_Task_.
Write out the full listing, matching it line for line.

_Records to process_.
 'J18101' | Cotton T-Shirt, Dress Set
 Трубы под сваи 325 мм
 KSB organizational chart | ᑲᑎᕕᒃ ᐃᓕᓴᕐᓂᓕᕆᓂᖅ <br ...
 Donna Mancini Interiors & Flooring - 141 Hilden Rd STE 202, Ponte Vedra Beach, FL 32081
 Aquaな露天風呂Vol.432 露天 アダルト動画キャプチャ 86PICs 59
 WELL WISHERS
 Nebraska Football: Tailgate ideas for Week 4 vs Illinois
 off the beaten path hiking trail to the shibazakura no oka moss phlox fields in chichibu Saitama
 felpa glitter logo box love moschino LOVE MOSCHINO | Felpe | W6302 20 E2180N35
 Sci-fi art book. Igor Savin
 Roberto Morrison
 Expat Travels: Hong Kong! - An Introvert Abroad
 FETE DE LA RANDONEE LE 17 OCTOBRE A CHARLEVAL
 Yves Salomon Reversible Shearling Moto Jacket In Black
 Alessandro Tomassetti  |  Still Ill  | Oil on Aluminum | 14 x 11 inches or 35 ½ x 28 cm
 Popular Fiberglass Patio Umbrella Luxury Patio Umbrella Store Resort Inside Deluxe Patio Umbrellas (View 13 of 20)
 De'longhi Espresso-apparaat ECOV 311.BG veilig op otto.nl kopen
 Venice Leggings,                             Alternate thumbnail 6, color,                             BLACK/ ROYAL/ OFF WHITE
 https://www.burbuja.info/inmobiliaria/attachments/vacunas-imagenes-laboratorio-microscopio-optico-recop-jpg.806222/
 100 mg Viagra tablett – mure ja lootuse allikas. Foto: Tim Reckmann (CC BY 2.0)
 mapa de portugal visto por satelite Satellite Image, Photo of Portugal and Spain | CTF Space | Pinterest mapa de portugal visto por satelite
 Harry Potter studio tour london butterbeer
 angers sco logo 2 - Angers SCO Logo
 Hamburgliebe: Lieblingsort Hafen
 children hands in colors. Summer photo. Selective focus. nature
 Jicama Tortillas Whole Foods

_Task solution_.
 'J18101' | Cotton T-Shirt, Dress Set
 Трубы под сваи 325 мм
 KSB organizational chart | ᑲᑎᕕᒃ ᐃᓕᓴᕐᓂᓕᕆᓂᖅ <br ...
 Donna Mancini Interiors & Flooring - 141 Hilden Rd STE 202, Ponte Vedra Beach, FL 32081
 Aquaな露天風呂Vol.432 露天 アダルト動画キャプチャ 86PICs 59
 WELL WISHERS
 Nebraska Football: Tailgate ideas for Week 4 vs Illinois
 off the beaten path hiking trail to the shibazakura no oka moss phlox fields in chichibu Saitama
 felpa glitter logo box love moschino LOVE MOSCHINO | Felpe | W6302 20 E2180N35
 Sci-fi art book. Igor Savin
 Roberto Morrison
 Expat Travels: Hong Kong! - An Introvert Abroad
 FETE DE LA RANDONEE LE 17 OCTOBRE A CHARLEVAL
 Yves Salomon Reversible Shearling Moto Jacket In Black
 Alessandro Tomassetti  |  Still Ill  | Oil on Aluminum | 14 x 11 inches or 35 ½ x 28 cm
 Popular Fiberglass Patio Umbrella Luxury Patio Umbrella Store Resort Inside Deluxe Patio Umbrellas (View 13 of 20)
 De'longhi Espresso-apparaat ECOV 311.BG veilig op otto.nl kopen
 Venice Leggings,                             Alternate thumbnail 6, color,                             BLACK/ ROYAL/ OFF WHITE
 https://www.burbuja.info/inmobiliaria/attachments/vacunas-imagenes-laboratorio-microscopio-optico-recop-jpg.806222/
 100 mg Viagra tablett – mure ja lootuse allikas. Foto: Tim Reckmann (CC BY 2.0)
 mapa de portugal visto por satelite Satellite Image, Photo of Portugal and Spain | CTF Space | Pinterest mapa de portugal visto por satelite
 Harry Potter studio tour london butterbeer
 angers sco logo 2 - Angers SCO Logo
 Hamburgliebe: Lieblingsort Hafen
 children hands in colors. Summer photo. Selective focus. nature
 Jicama Tortillas Whole Foods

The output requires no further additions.